Erik Wien wrote:
It's good to have one string class for library interoperability reasons. Otherwise library A would demand utf8_string, library B would demand utf16_string, and library C would demand utf32_string. No matter which one you choose, you'll pay a price. (This doesn't change even if you spell utf8_string as string<utf8>.)
That is true. Though the strings of different encodings should be assignable to each other, libraries taking references to encoded_strings would need some conversion to be done.
We have a similar problem today with basic_string<char> and basic_string<wchar_t>, and I think it could also be solved in a way that is very similar to what is done in the <string> header.

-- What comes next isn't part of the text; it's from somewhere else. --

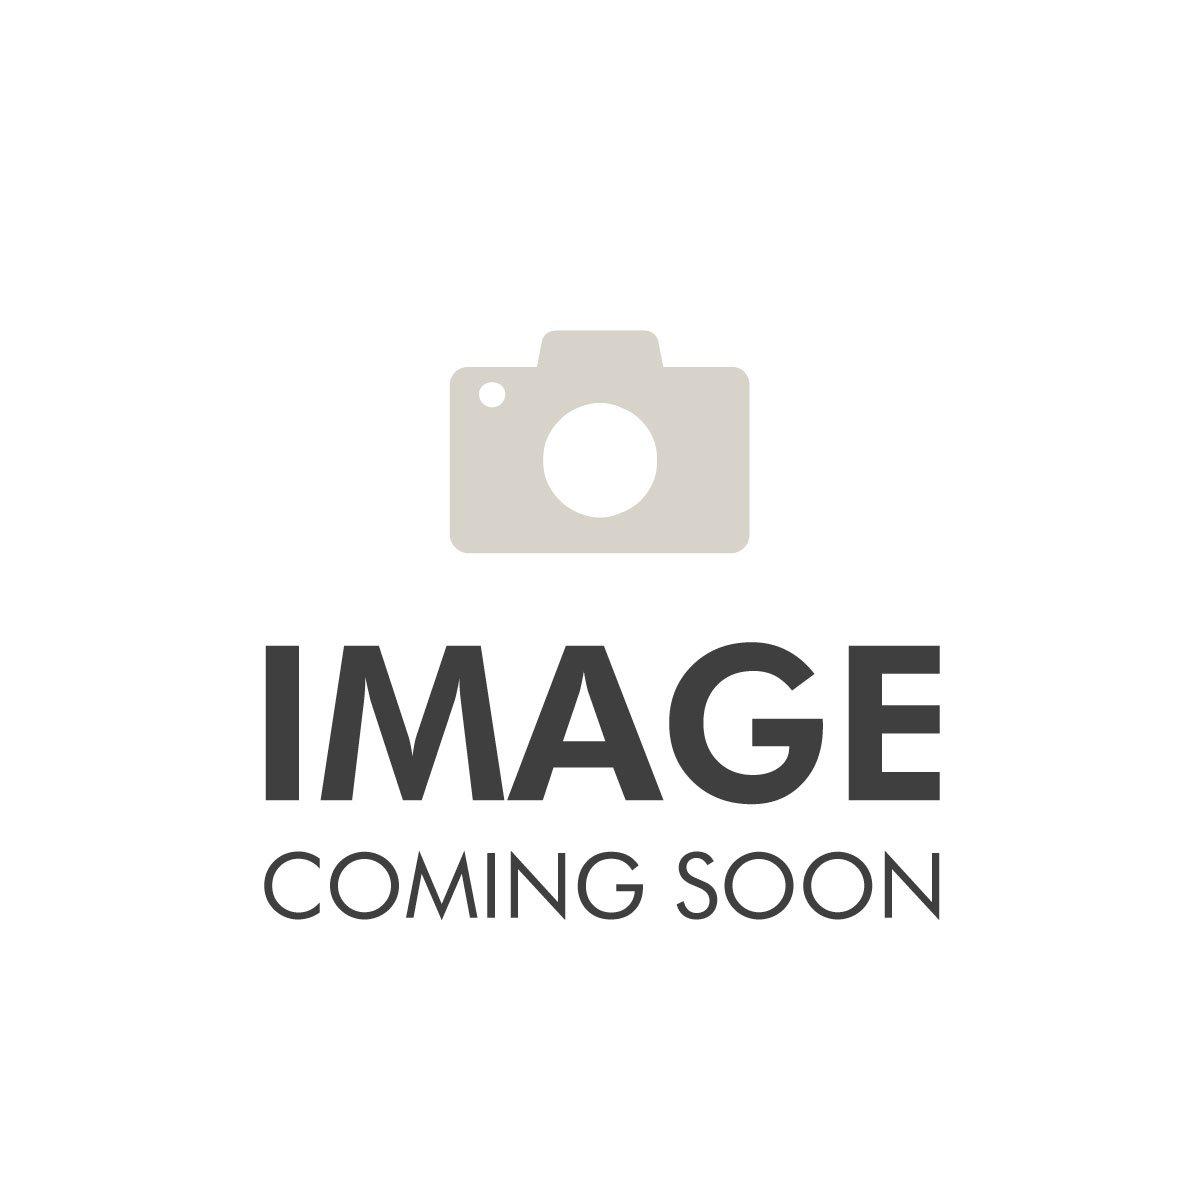 L'Oreal Loreal Men Expert Hydra Power 50ml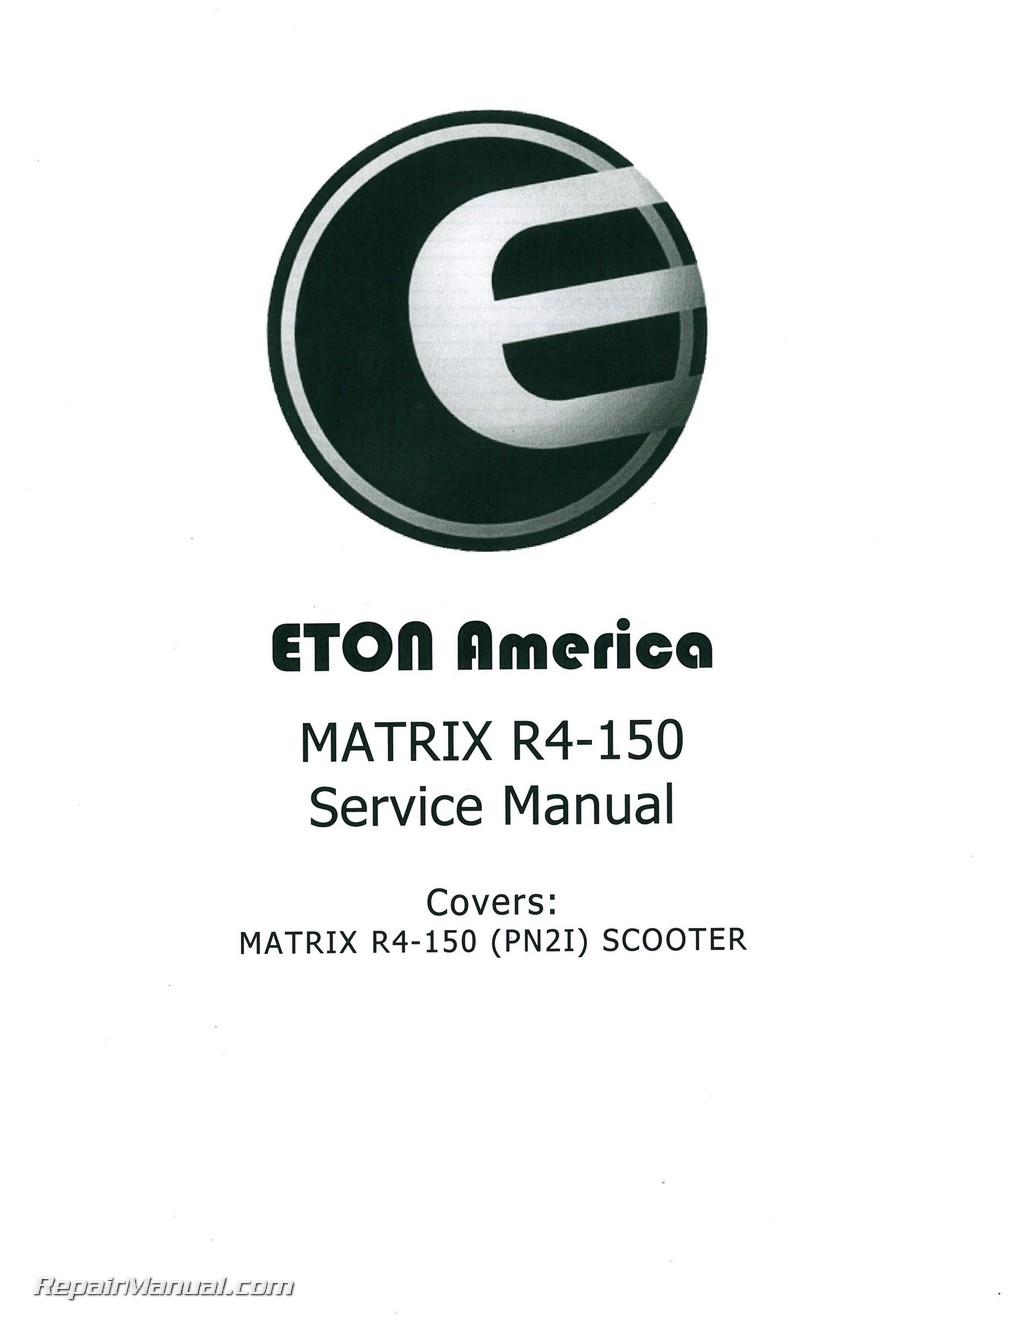 ... Array - eton matrix r4 150 service manual rh repairmanual ...

Just to clarify: the string and wstring in the standard have a huge problem: you can't convert string to wstring in any way: there's just no appropriate converting constructor.
If we typedef a unicode_string or something as encoded_string<utf16>, and promote that as THE string class, most users would use that as their primary string representation, and simply be oblivious to the underlying encoding. (A good thing.)
That would still make it easy for a user to use some different encoding without good reason.
Advanced user could (just like we do today with basic_string) choose to support multiple encodings by templating their own functions on encoding as well.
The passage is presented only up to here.